Now she boarded a flight to Miami, en route to join Walsh and Huertas in Montserrat. It was July. The volcano was erupting regularly, every twelve hours at one point, producing a fireball of ash and rock that might have been a thing of beauty had it not also been a force of ghastly destruction. Members of the British press who had made their way to the island departed mid-way through the month to cover the death of Princess Diana, herself an animal activist.

Against the exodus, Travers arrived toting pallets of donated dog food transported for free by a cargo company in return for her promise of good press.

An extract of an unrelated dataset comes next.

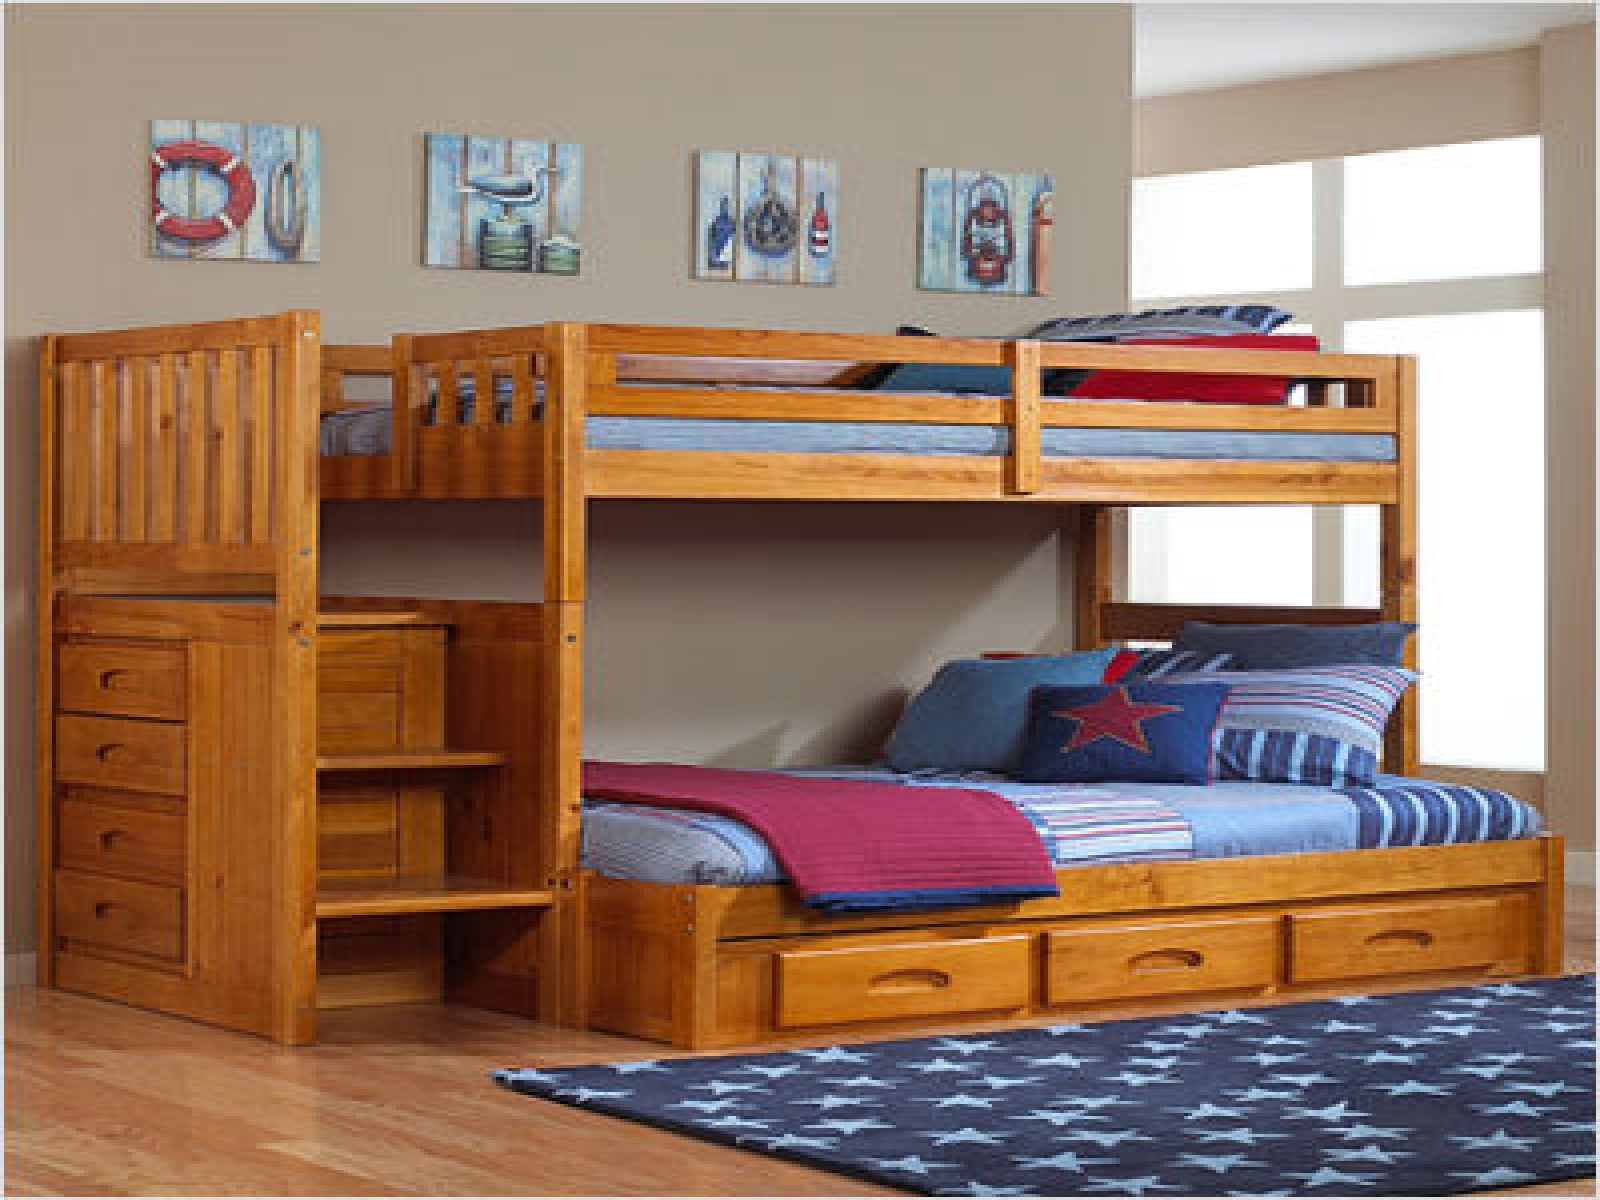 Solid wood bedroom furniture for kids | Hawk Haven

Like Walsh, Travers was an improviser. She worked her way into the good graces of a helicopter pilot in the employ of volcanologists. After his day’s work was done, he would take her up to surveil for animals. She learned to find cattle by scanning for swimming pools, where the animals gathered to lap ash-feathered water. “It was like the animals were up to their necks in snow, gray snow,” she later recalled. Donkeys were often in the worst shape. The helicopter brought her to one donkey whose legs were burned to its knees and barely able to stand. Travers applied Furacin, an equine antibiotic ointment. They loaded the donkey into the helicopter and flew it to a property with a makeshift heliport. There, the donkey joined other wounded animals — dogs, cats, goats, tortoises — biding time in a quickly crowding space until they could be relocated.

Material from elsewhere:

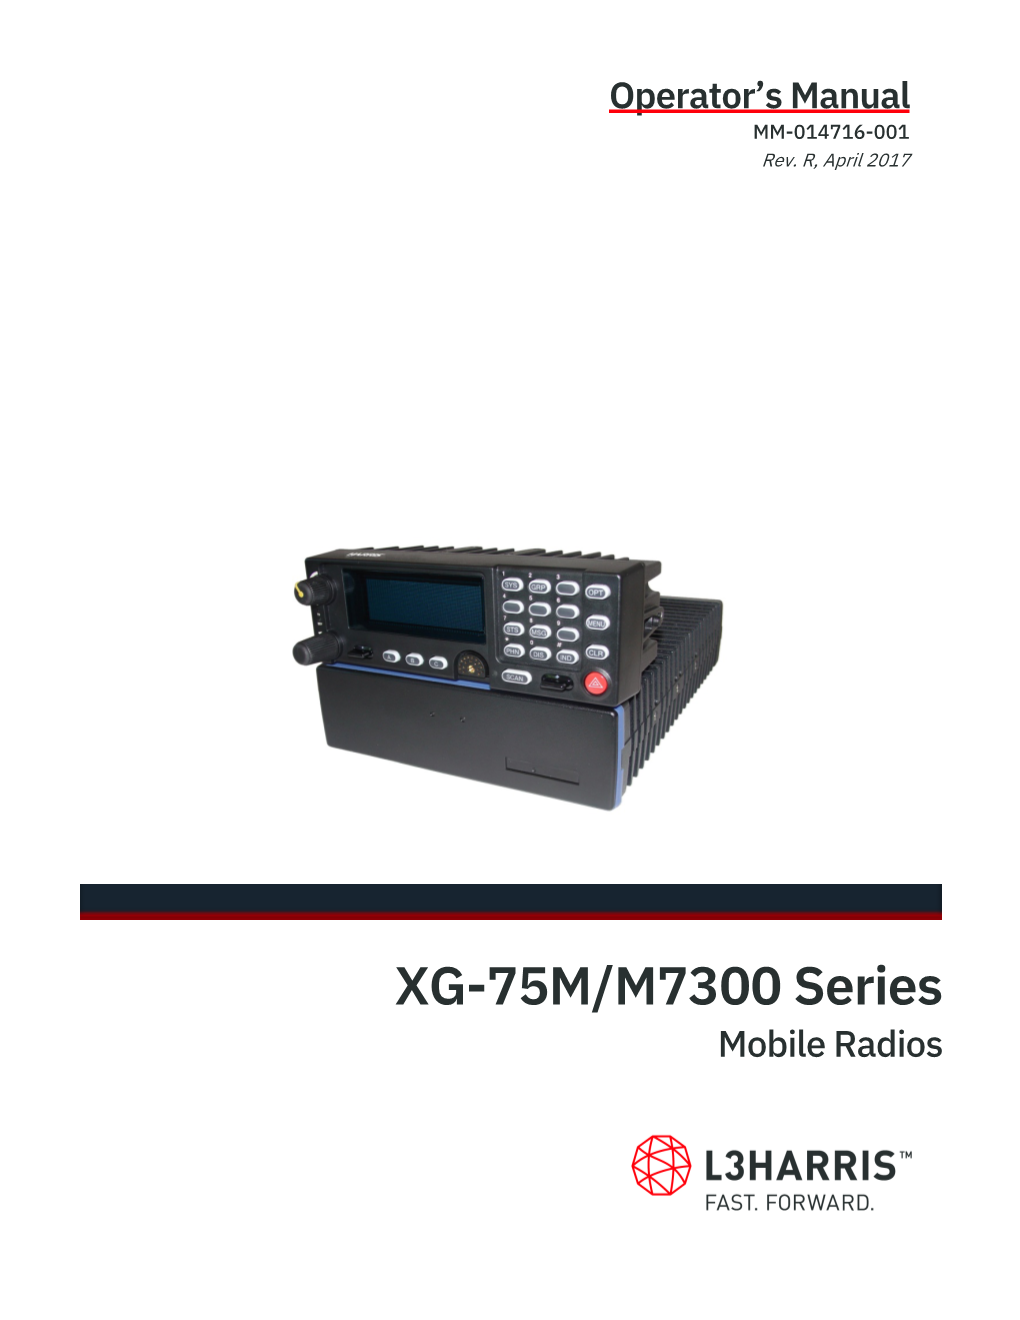 MM-014716-001, Rev. R, XG-75M/M7300 Series Mobile Radios

During rescues, members of Governor Savage’s Royal Montserrat Defense Services sent word through island-wide PA systems: “If I say get out, it may be your only chance to get out.” At times, she needed no alarm. Driving through Plymouth one day, she heard a boom. She looked up to see a rising cloud of smoke and ash. A haze descended. The falling ash covered the window. The island turned a new and deeper gray. This might not be successful, Travers thought as they motored north. She leaned back in her seat, listened to the windshield wipers, and said Hail Marys.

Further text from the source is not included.